*** Opening Data block ***
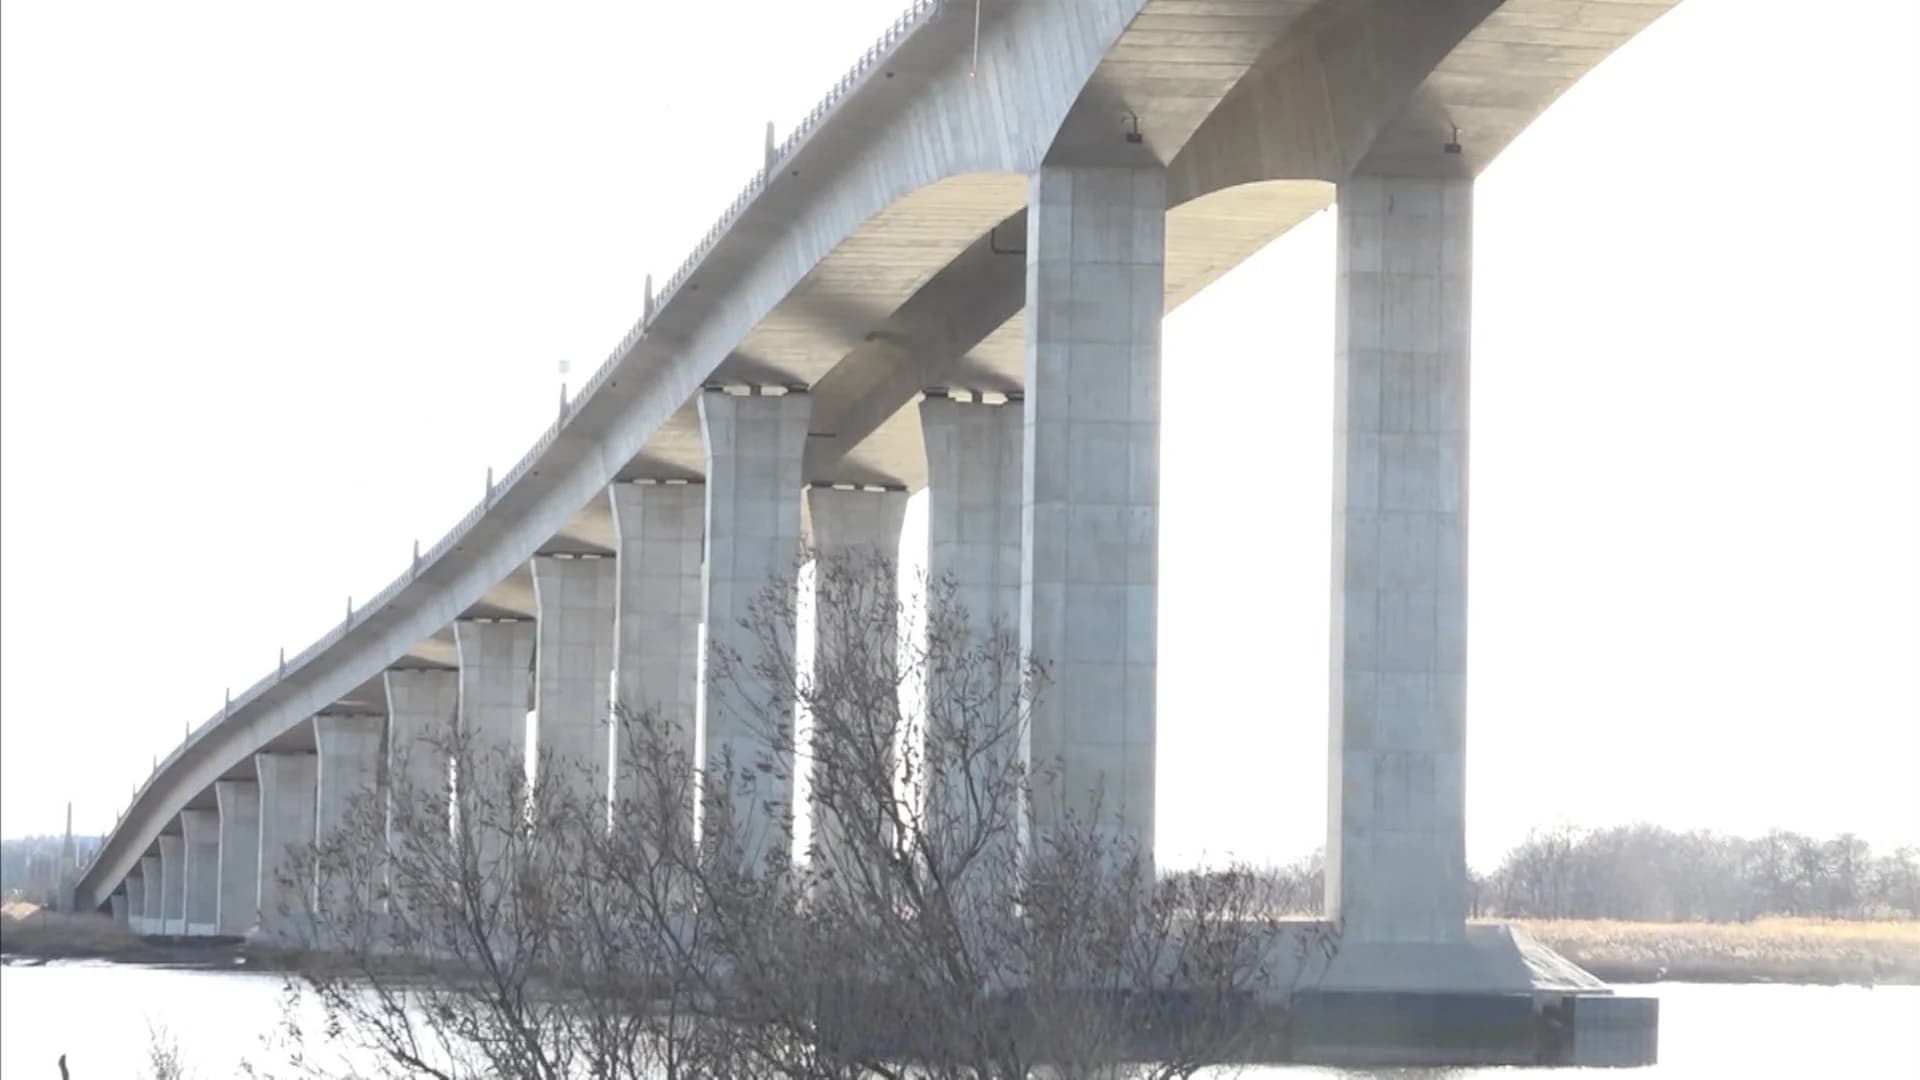 “A lot of pressure on us” – Perth Amboy officers reflect on bridge distress calls
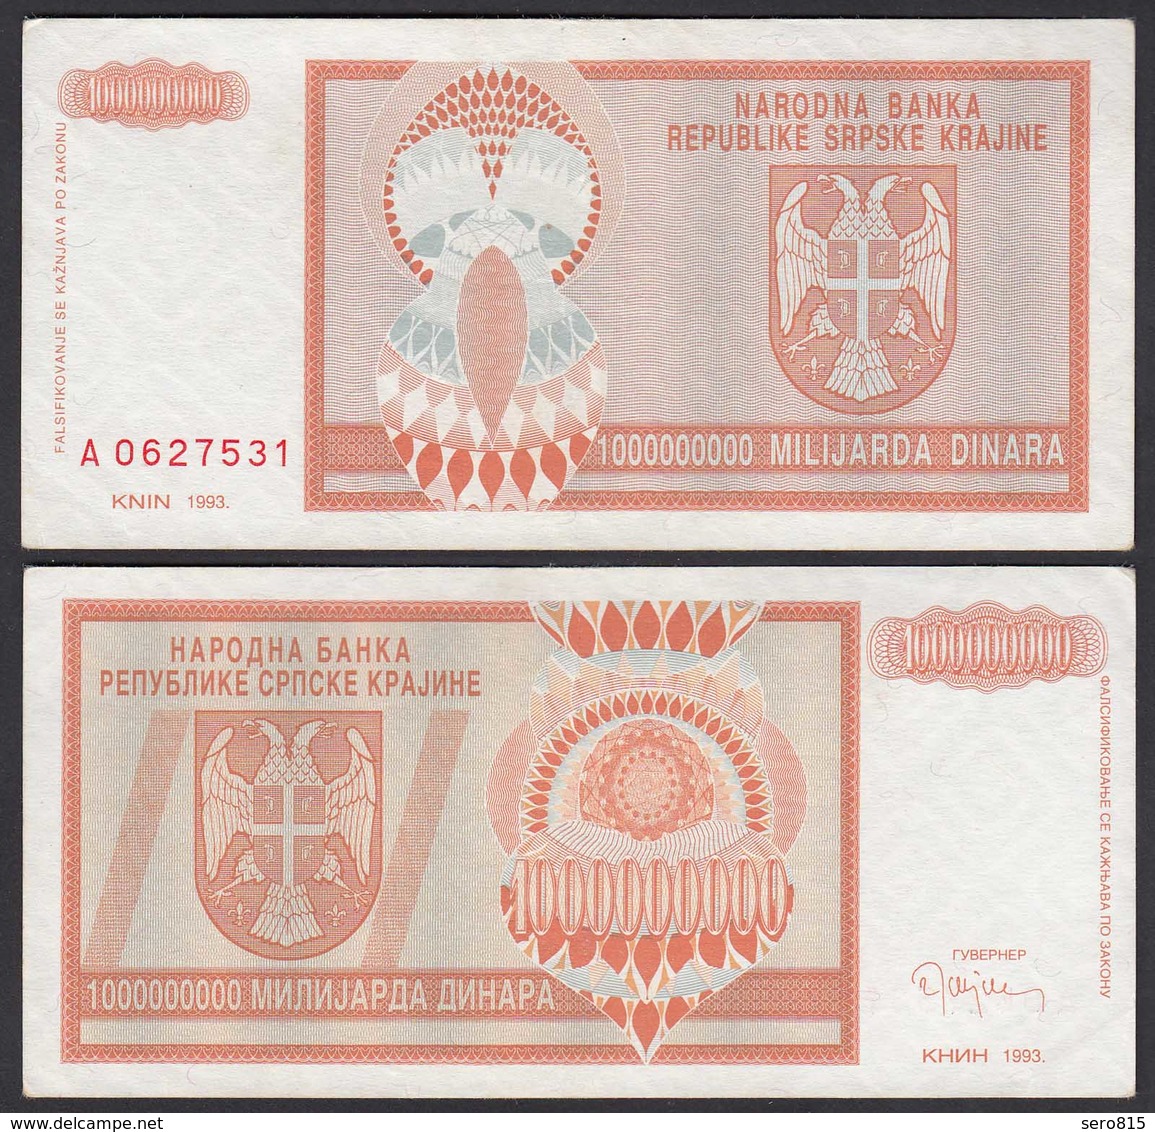 Kroatien - Croatia 1-Milliarde Dinara Banknote 1993 Pick R17 VF (3)  (25126 - Croatia
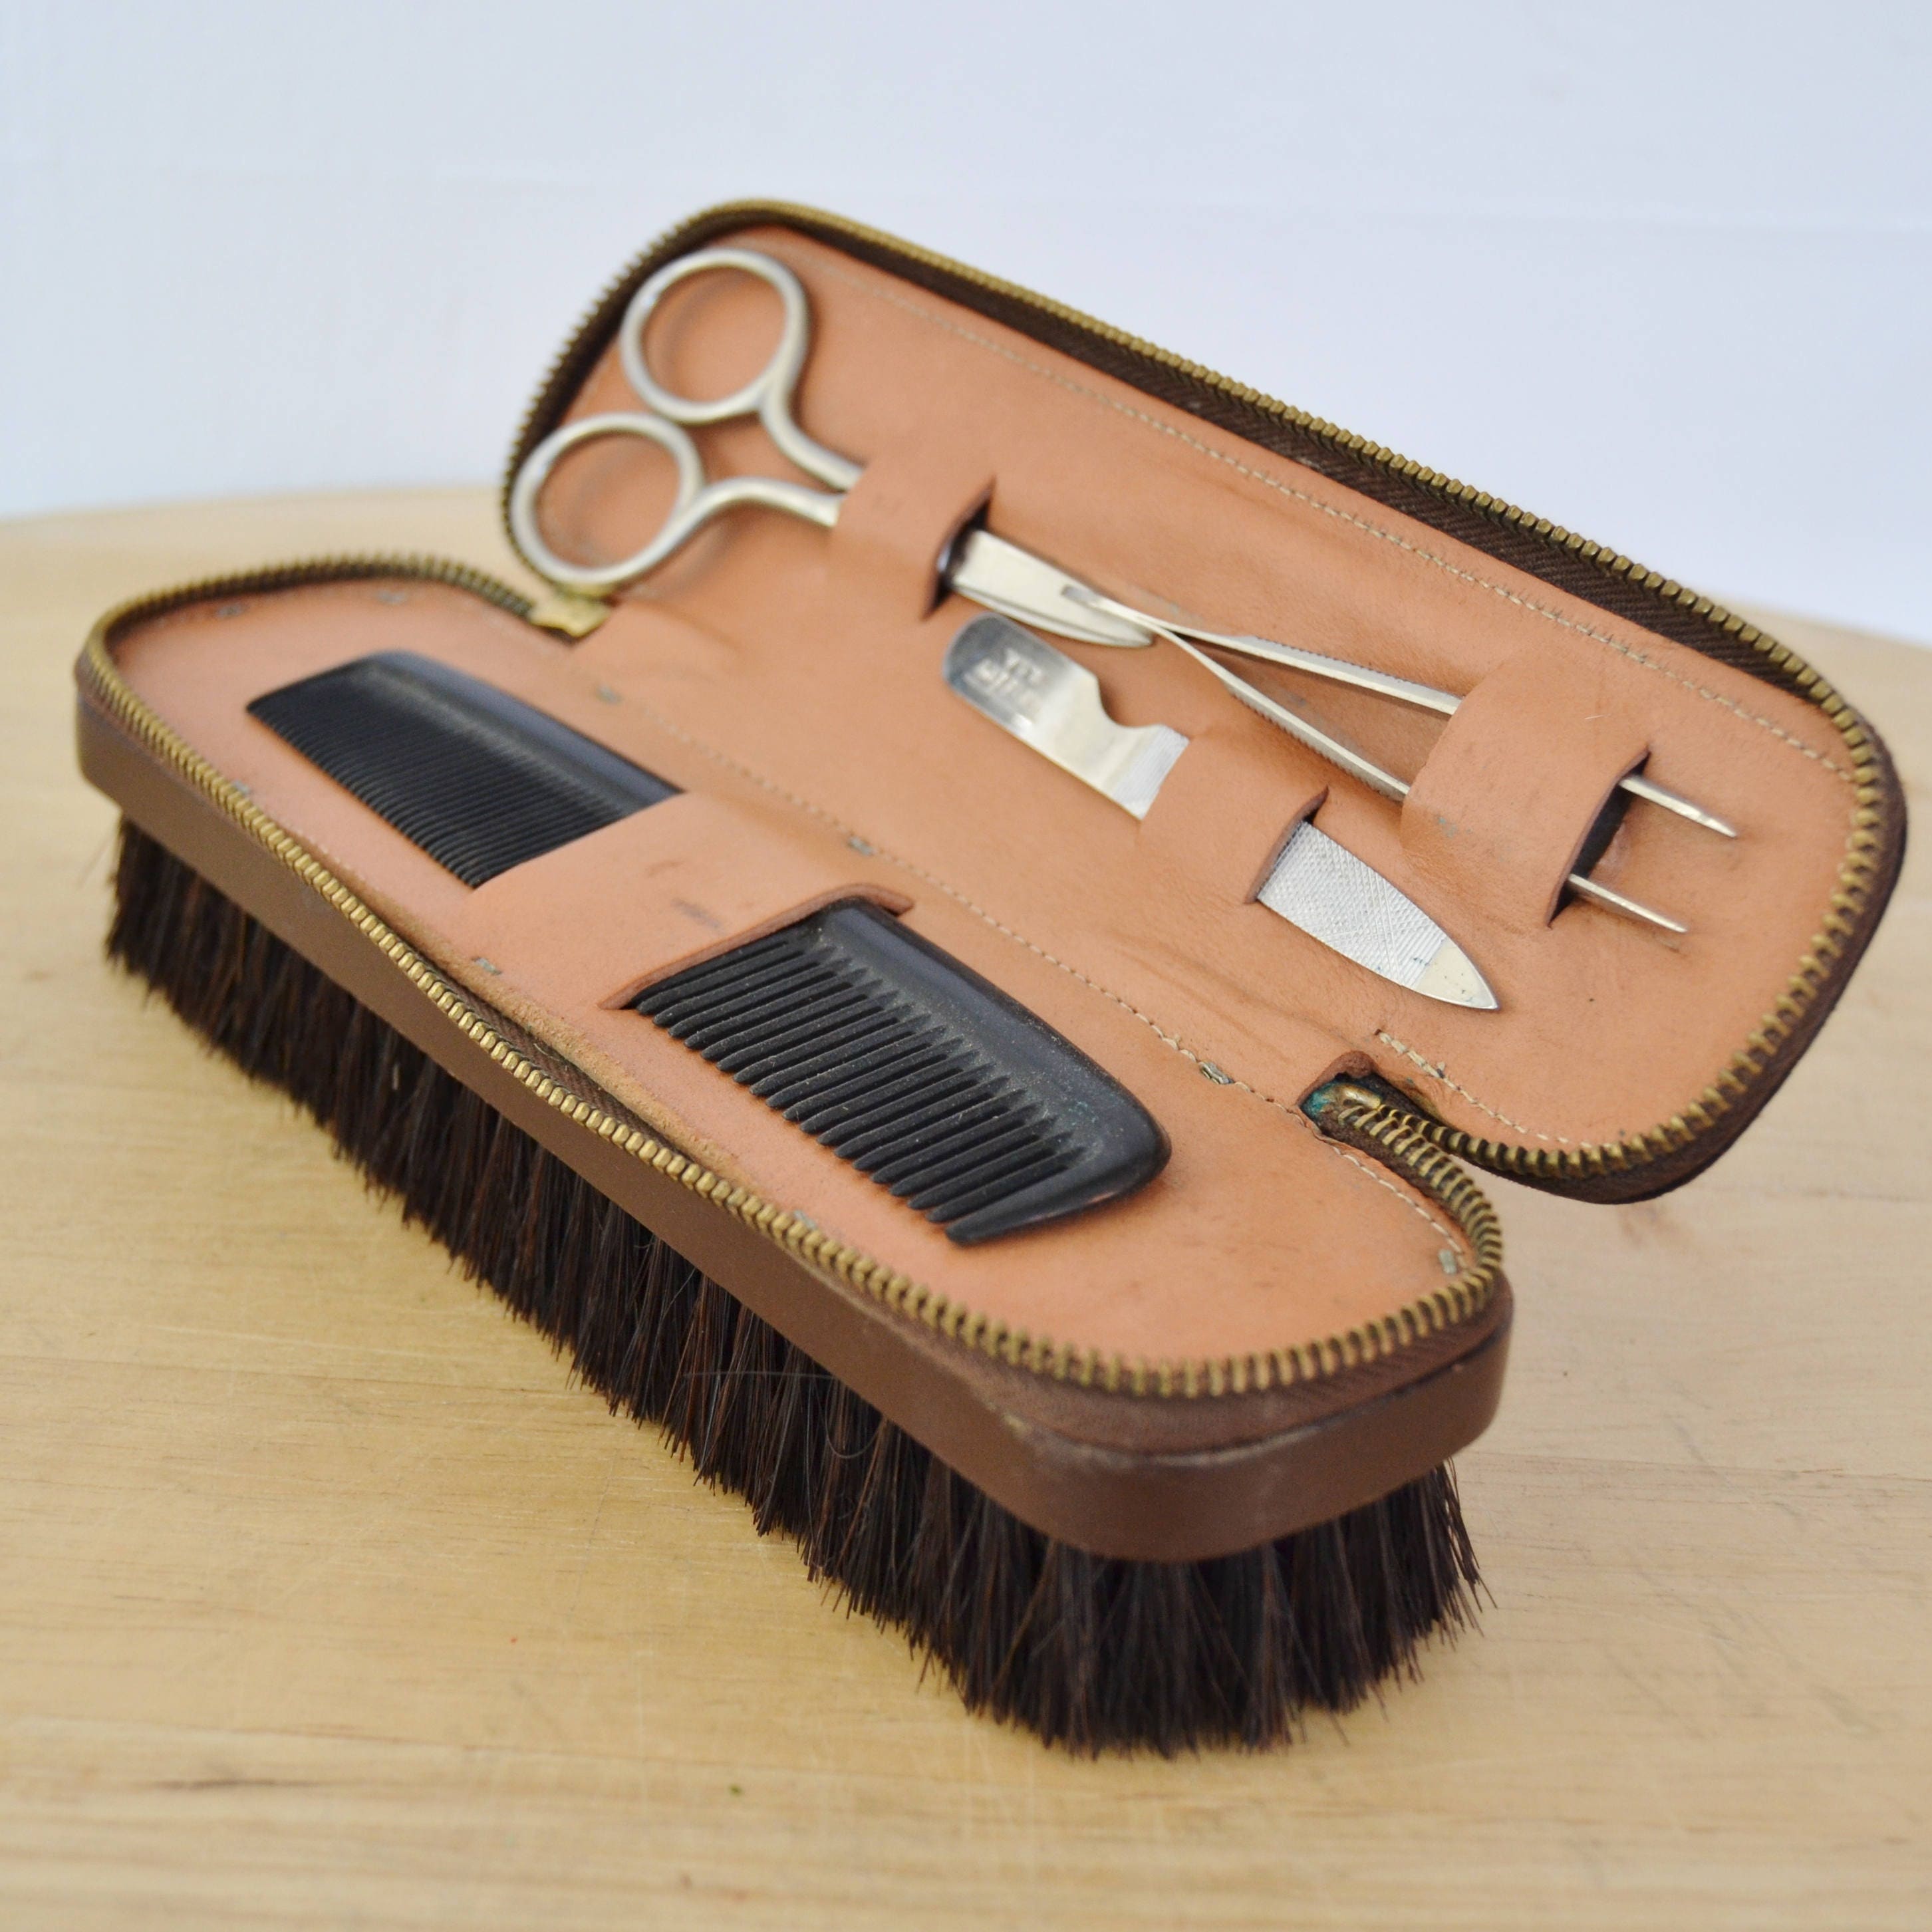 Vintage Reine Borsten Grooming Set, Brush, Nails, Tools. Leather, Germany.
*** Closing Data block ***
▶ **Exercise description**:
All of the listing above must be output exactly, except for its pictures.

▶ **Solution below**:
 “A lot of pressure on us” – Perth Amboy officers reflect on bridge distress calls
 Kroatien - Croatia 1-Milliarde Dinara Banknote 1993 Pick R17 VF (3)  (25126 - Croatia
 Vintage Reine Borsten Grooming Set, Brush, Nails, Tools. Leather, Germany.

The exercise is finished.